[Opening Supplied data section]

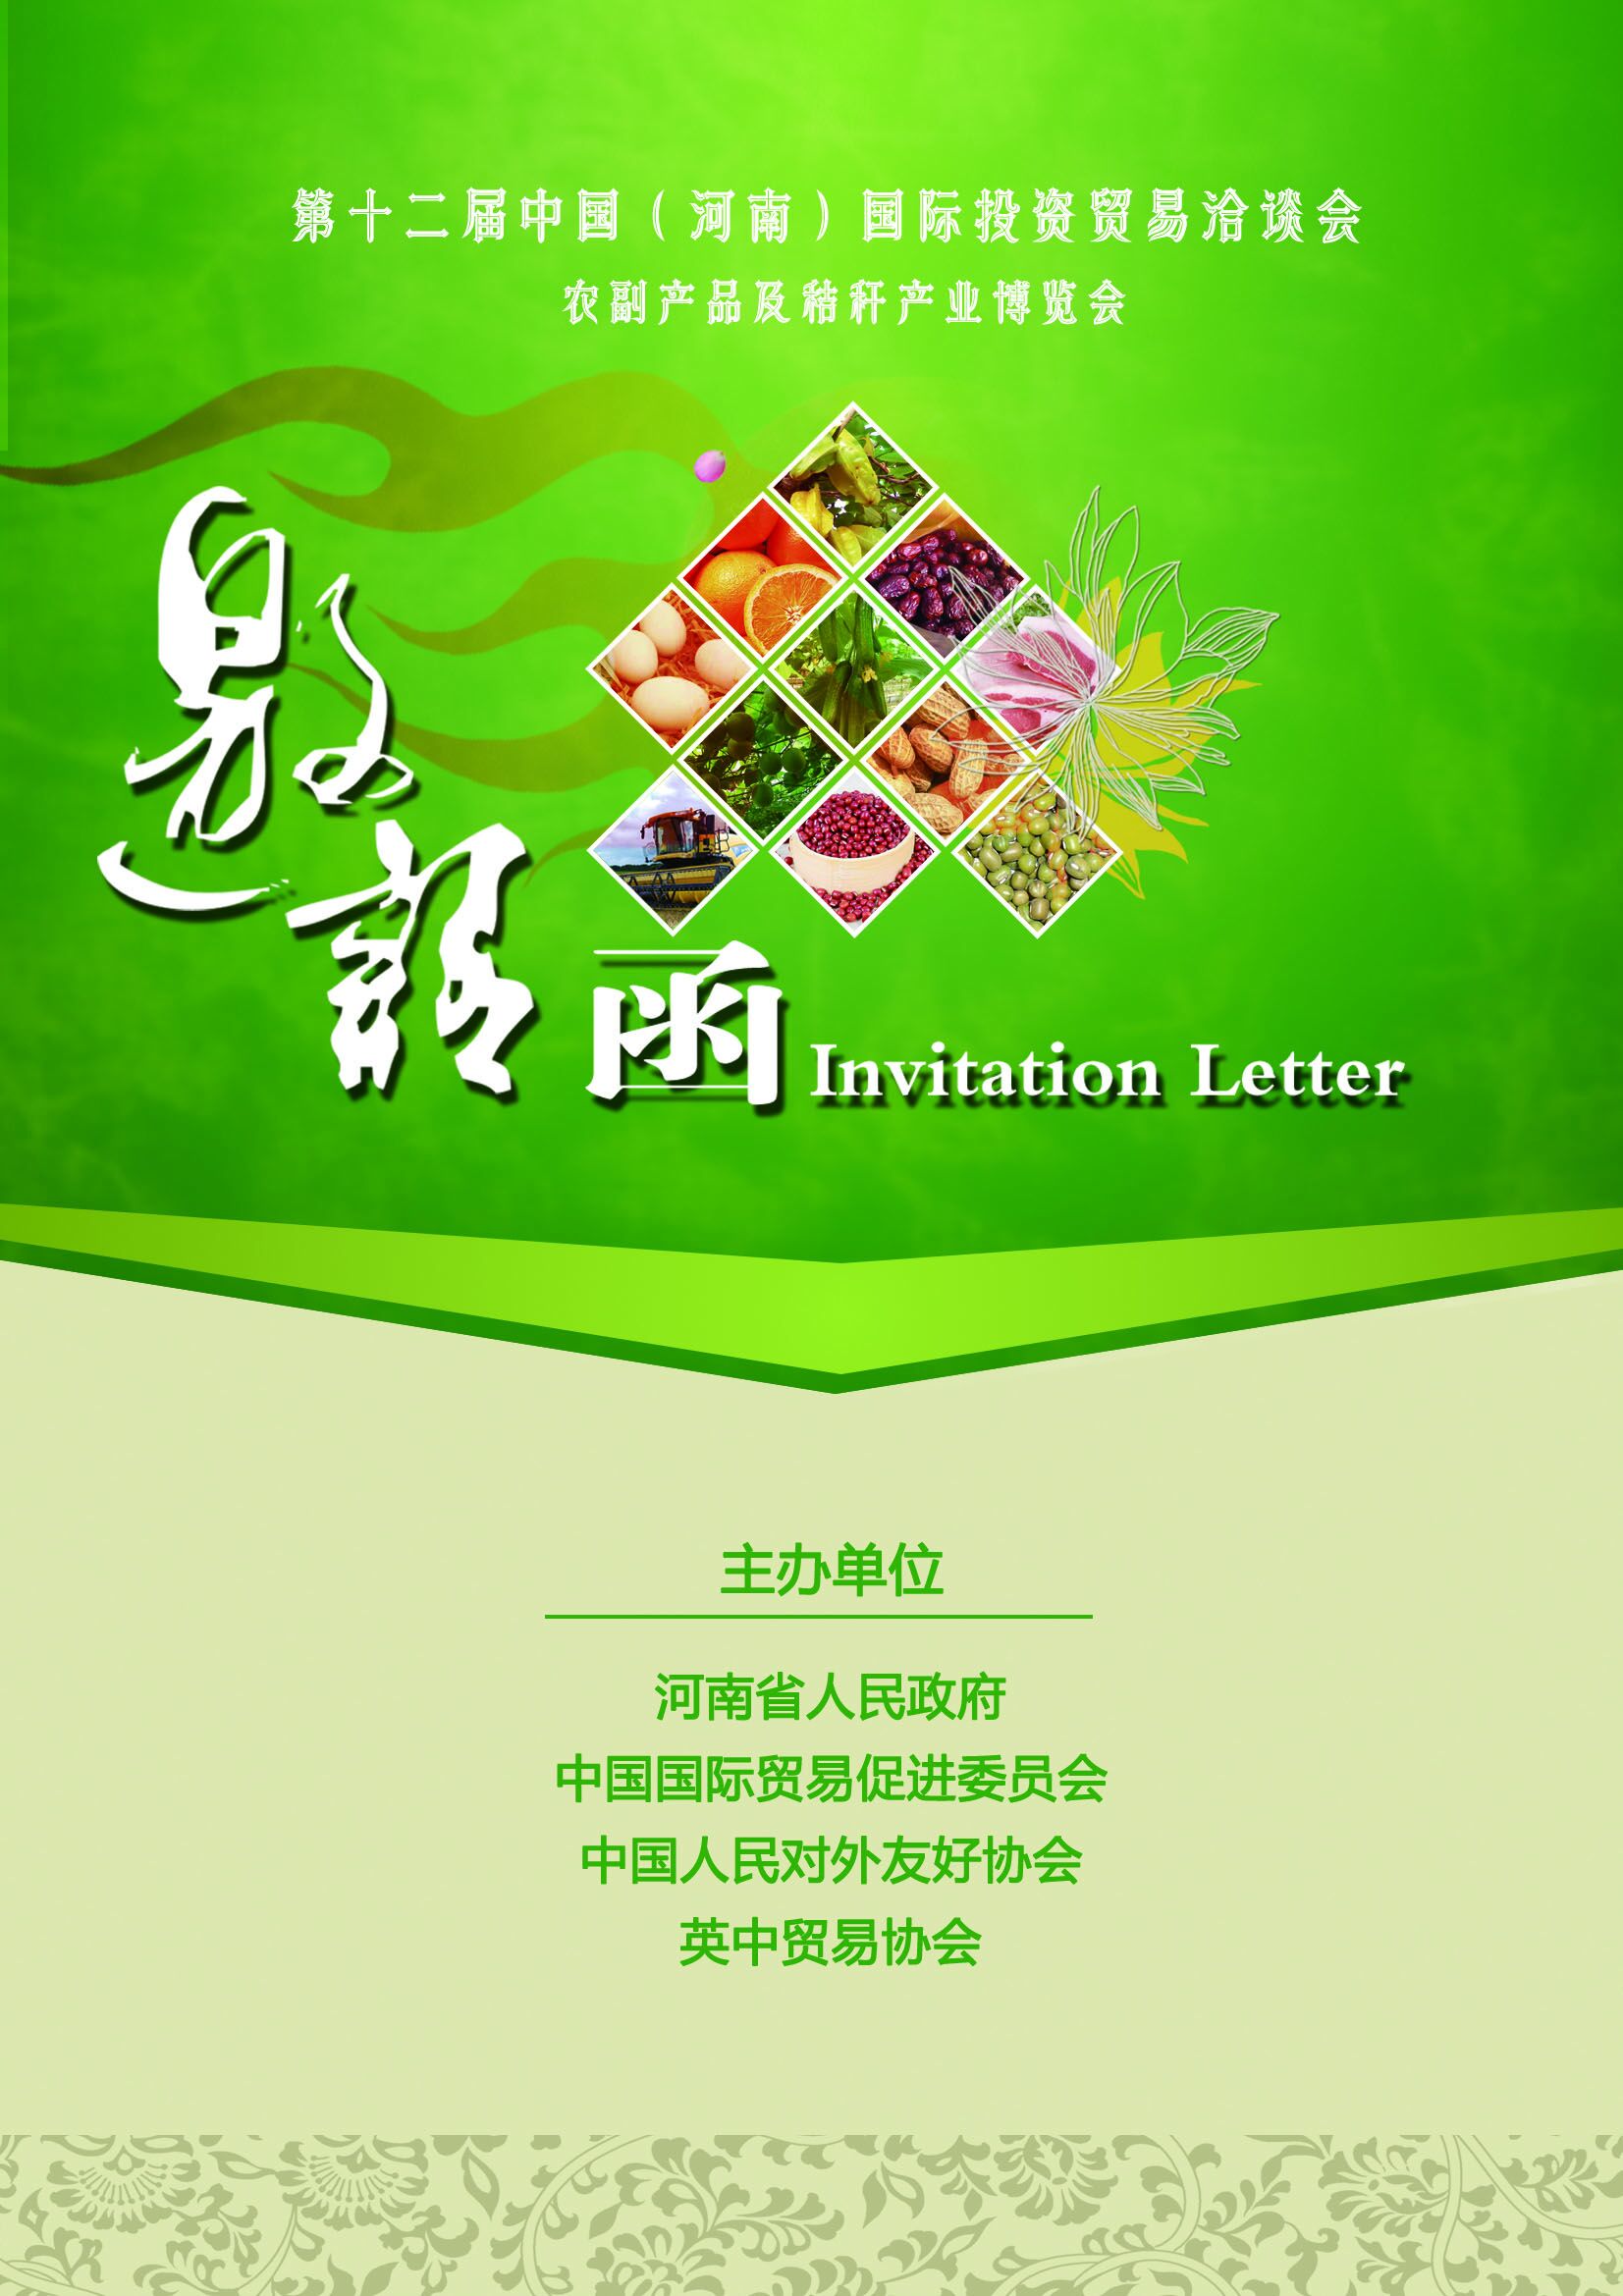 2021*31届广州国际大健康产业博览会
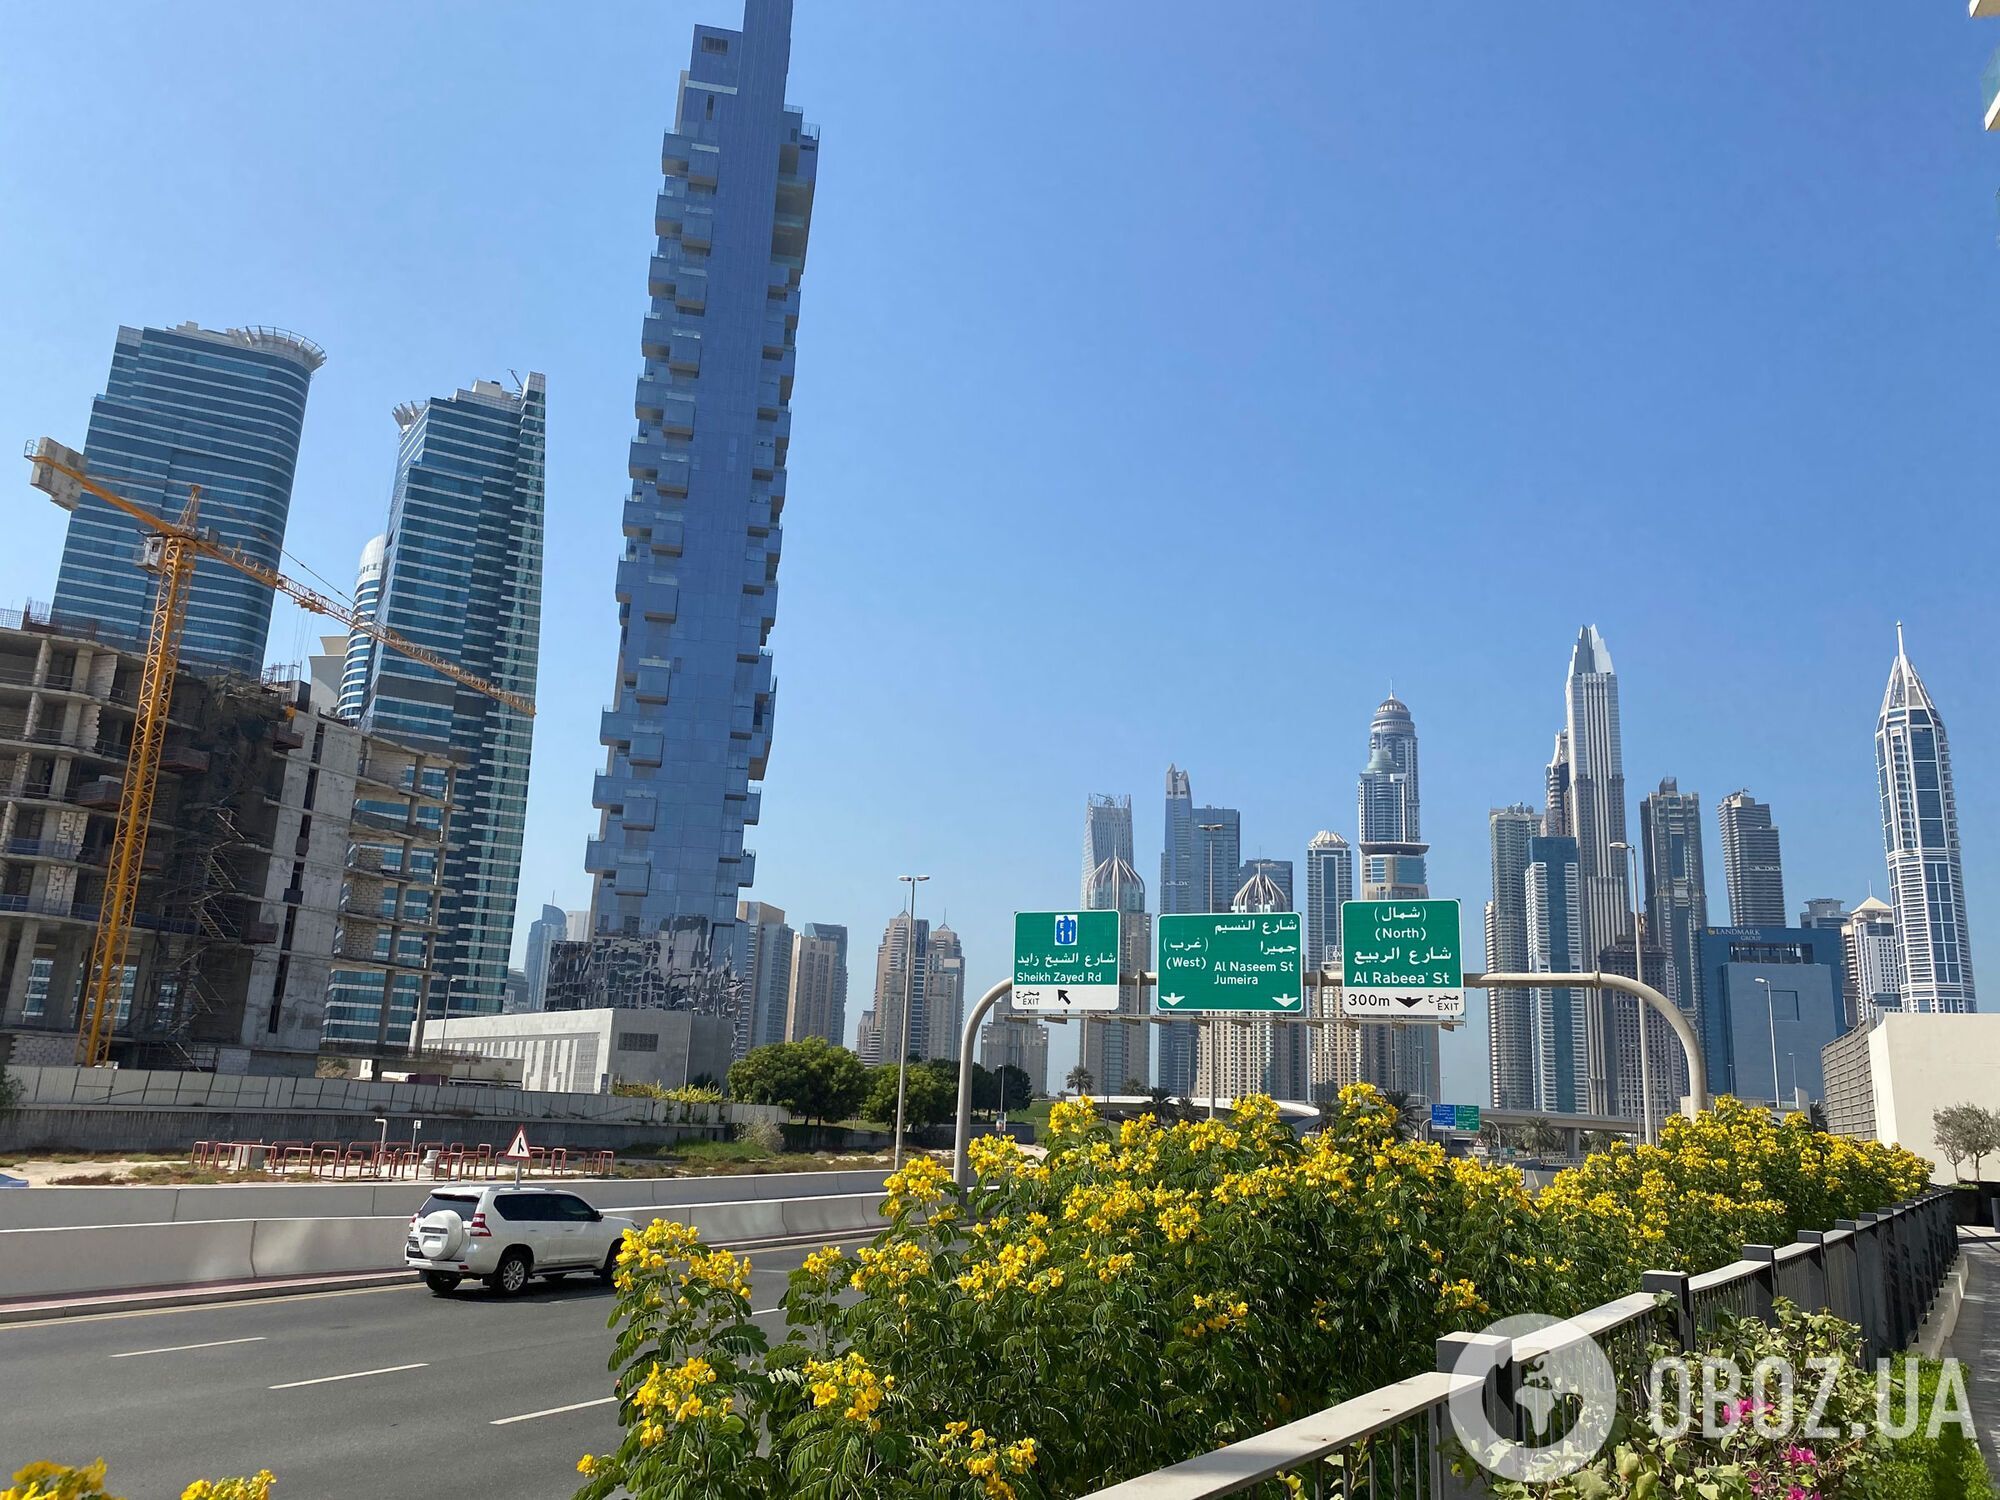 Дубай: ви ще можете встигнути відпочити
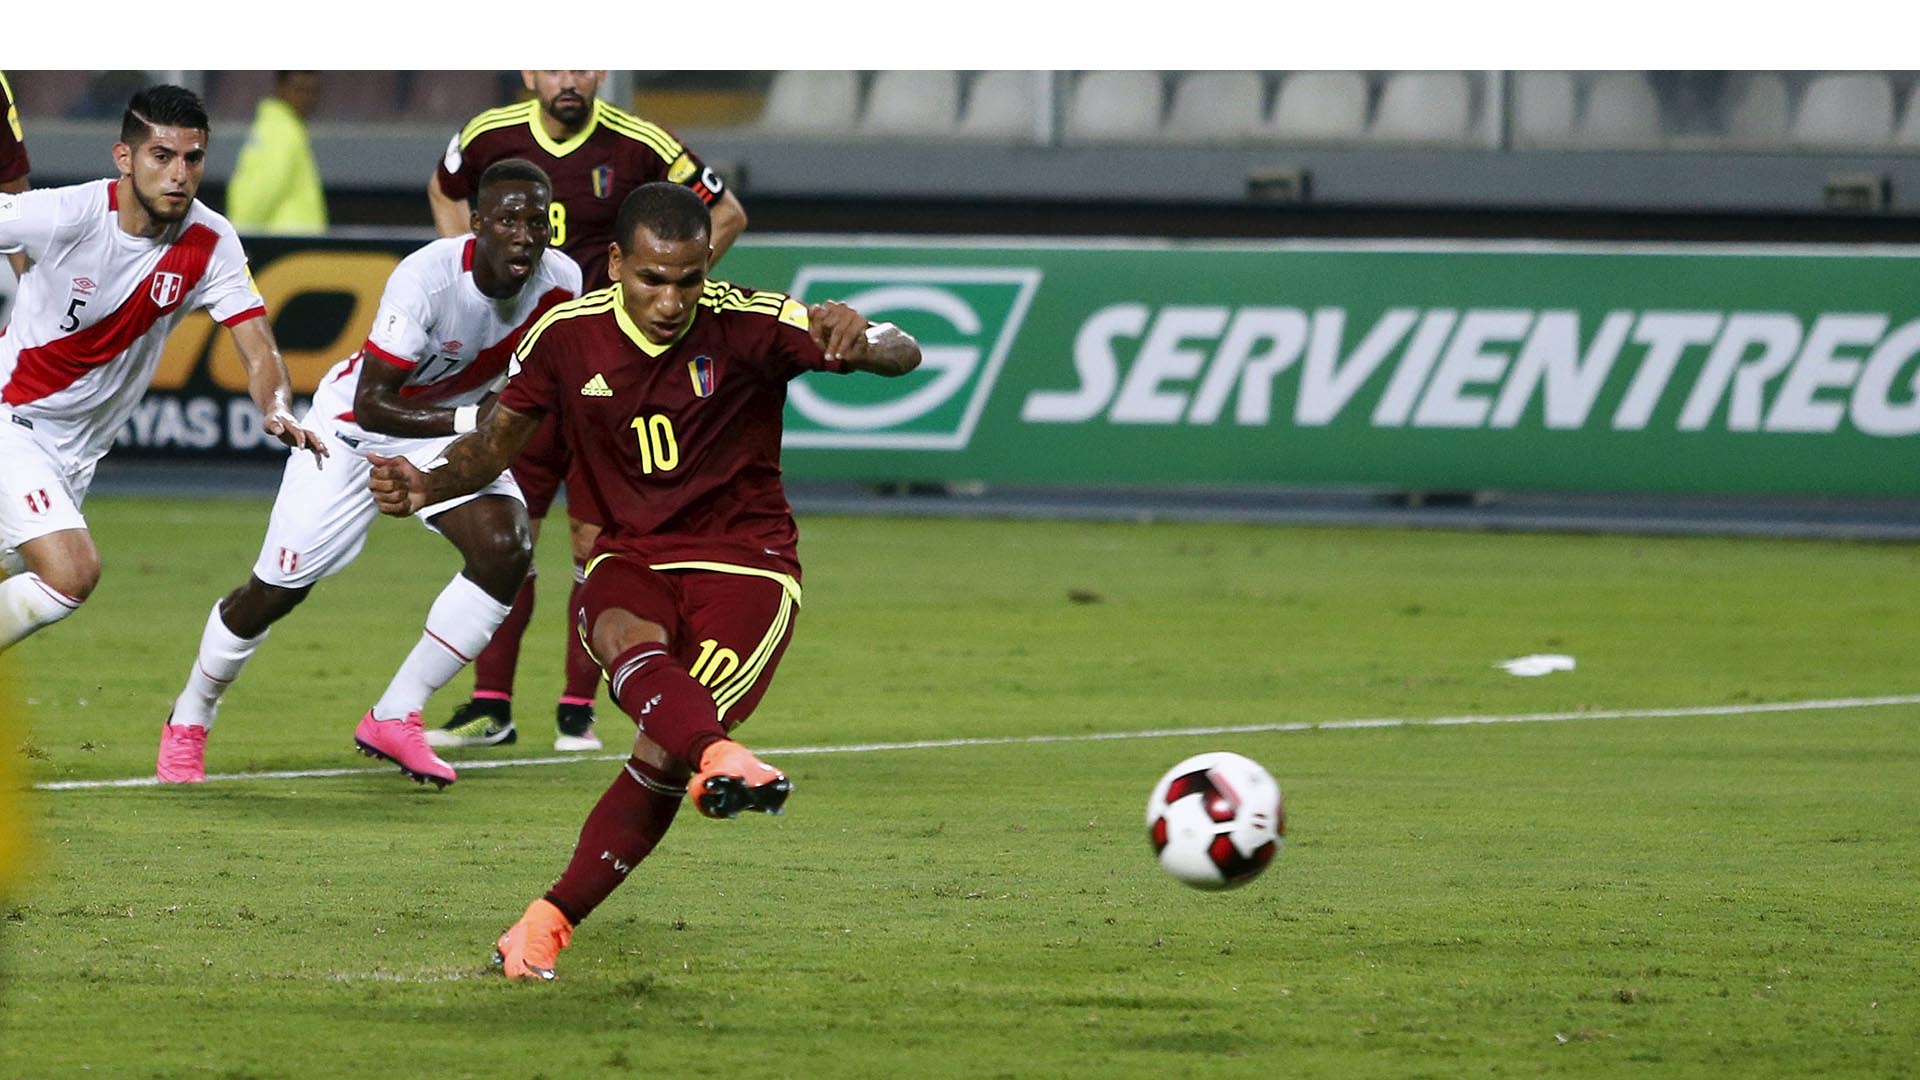 Con goles de Rómulo Otero y Mikel Villanueva el cuadro criollo saca un empate agridulce en su camino hacia el Mundial Rusia 2018

[Closing Supplied data section]

Task description
Leave out the pictures, and write out exactly the lines from the one containing "Дубай: ви ще можете встигнути відпочити" through the last line of the listing, both included.

Answer to the exercise
 Дубай: ви ще можете встигнути відпочити
 Con goles de Rómulo Otero y Mikel Villanueva el cuadro criollo saca un empate agridulce en su camino hacia el Mundial Rusia 2018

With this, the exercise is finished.